Cause: : Dad asked me to download thousands of songs for him to play in the car, feel manual download, even if the batch download also takes time, just write a crawler to download automatically.
For this crawler small project, select Node +koa2, initialize the project koA2 projectName (koA-Generator needs to be installed globally), then enter the project file, NPM install && NPM start, Among them, superagent, Cheerio, Async, FS and PATH are used as dependencies
Open the netease Cloud web page and click on the playlist page. I select the Chinese category, right-click the source code of the framework, obtain the real URL, and find the HTML structure with the ID of M-PL-Container. This is the playlist to be crawled this time.

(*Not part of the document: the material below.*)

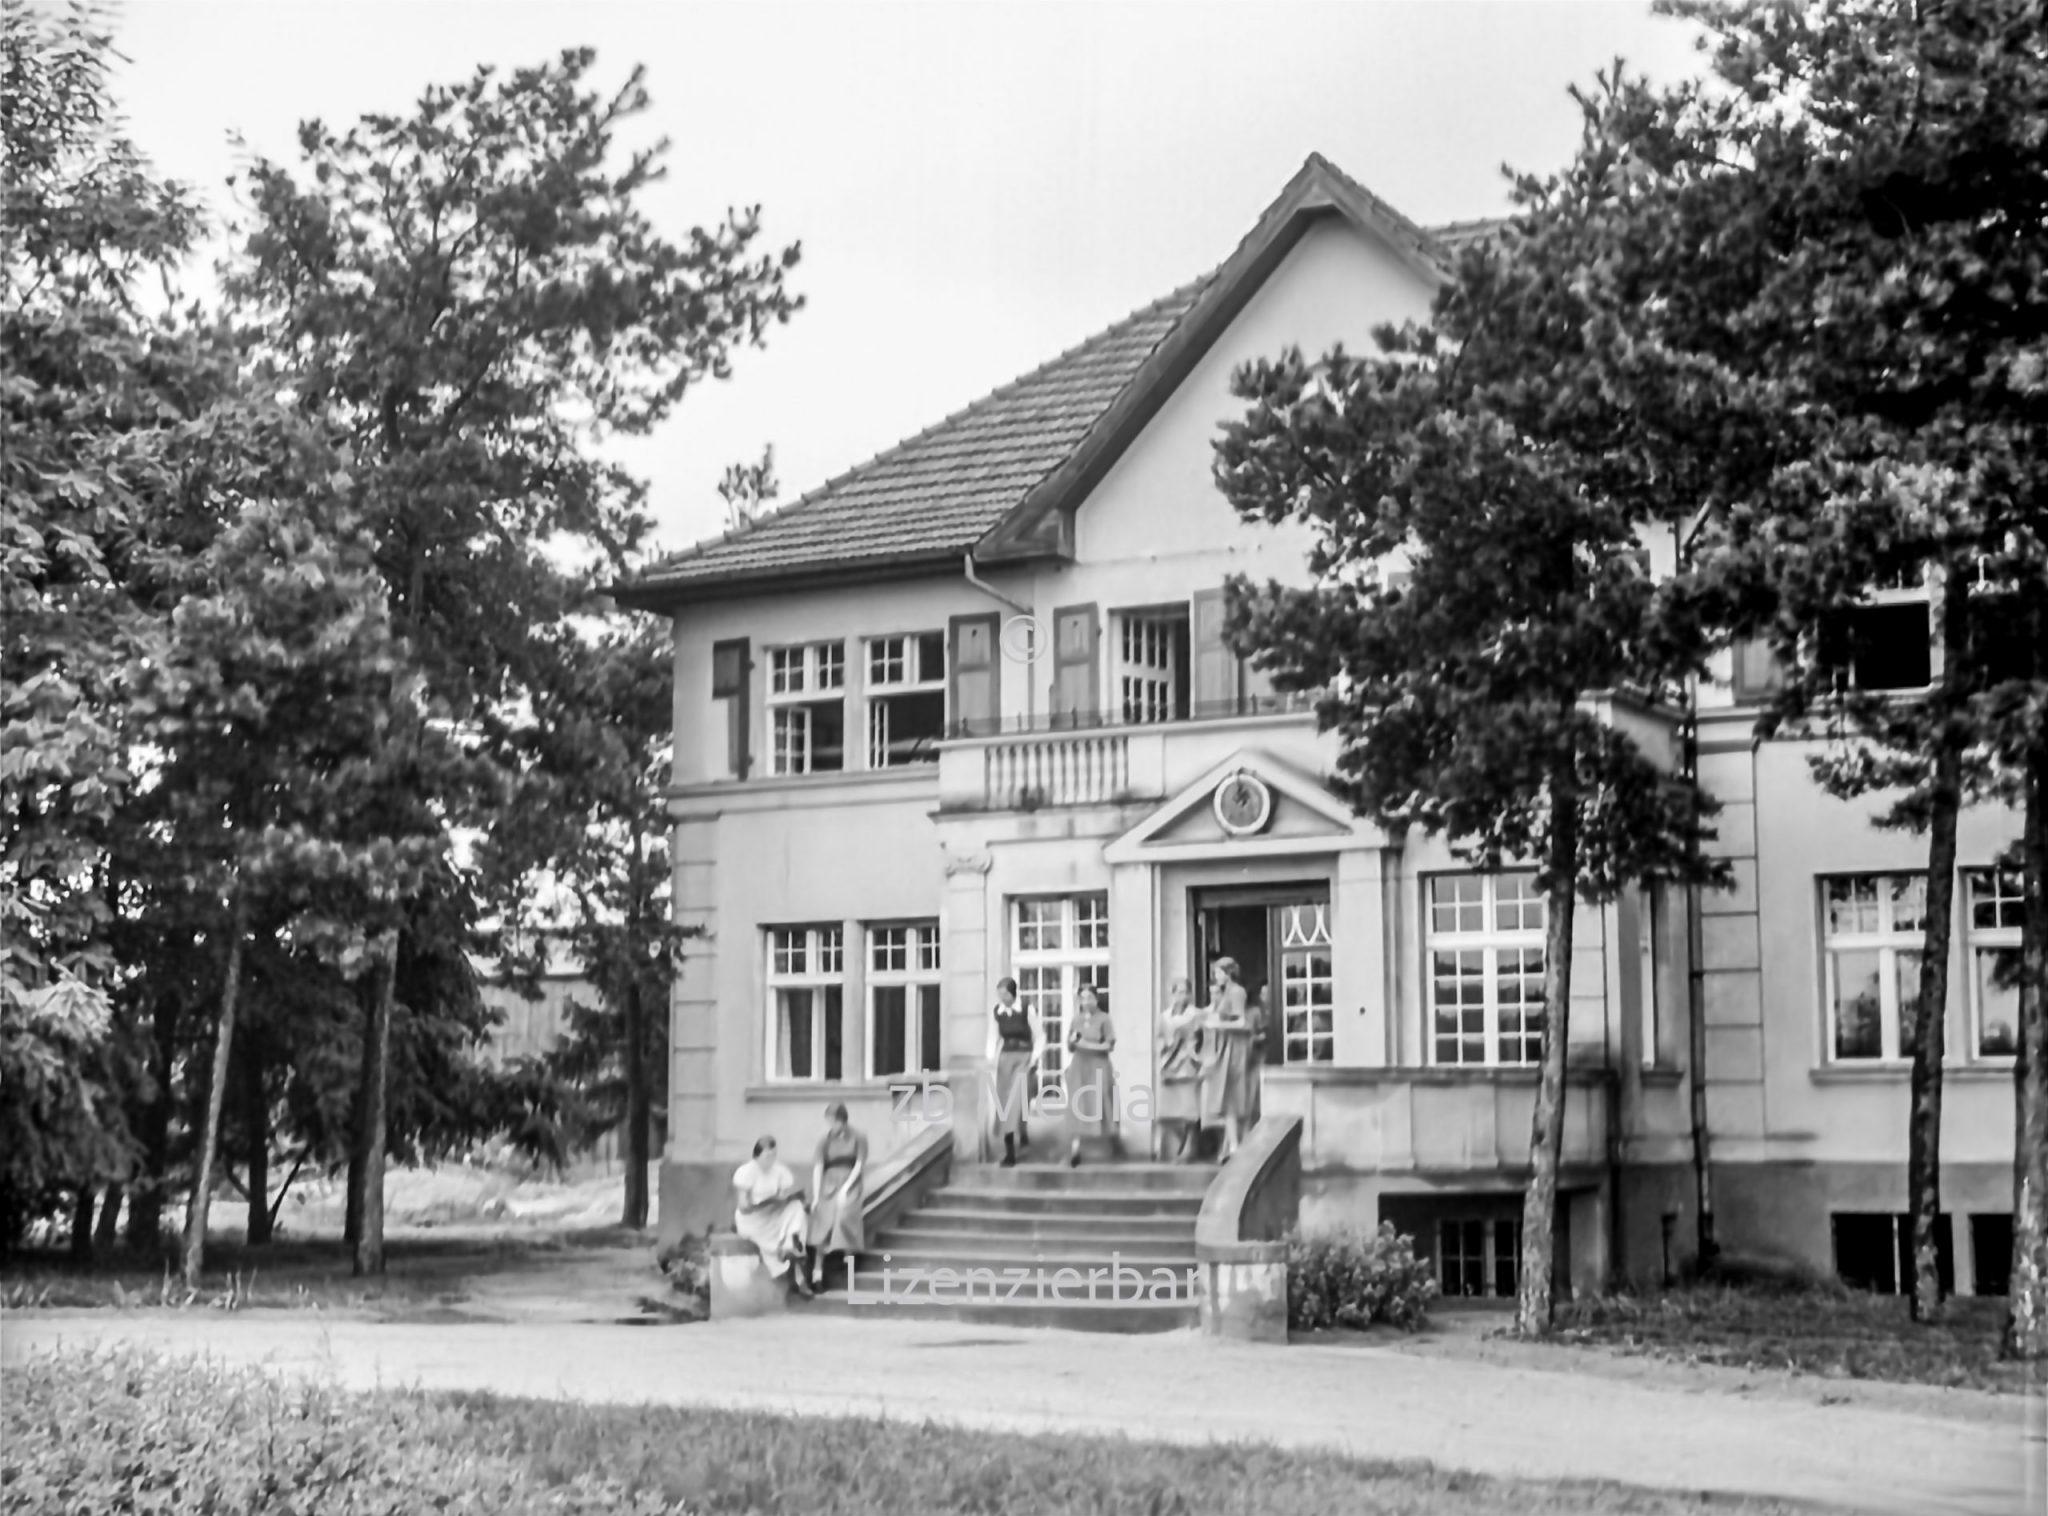 Pestalozzi-Fröbel-Haus Berlin 1937

Async is required for concurrent crawls
static getPlayList(){
const pageUrlList = this.getPageUrl();
return new Promise((resolve, reject) => {
asy.mapLimit(pageUrlList, 1, (url, callback) => {
this.requestPlayList(url, callback);
}, (err, result) => {
if(err){ reject(err); } resolve(result); })})}Copy the code
Const asy = require(‘async’) const asy = require(‘async’) const asy = require(‘async’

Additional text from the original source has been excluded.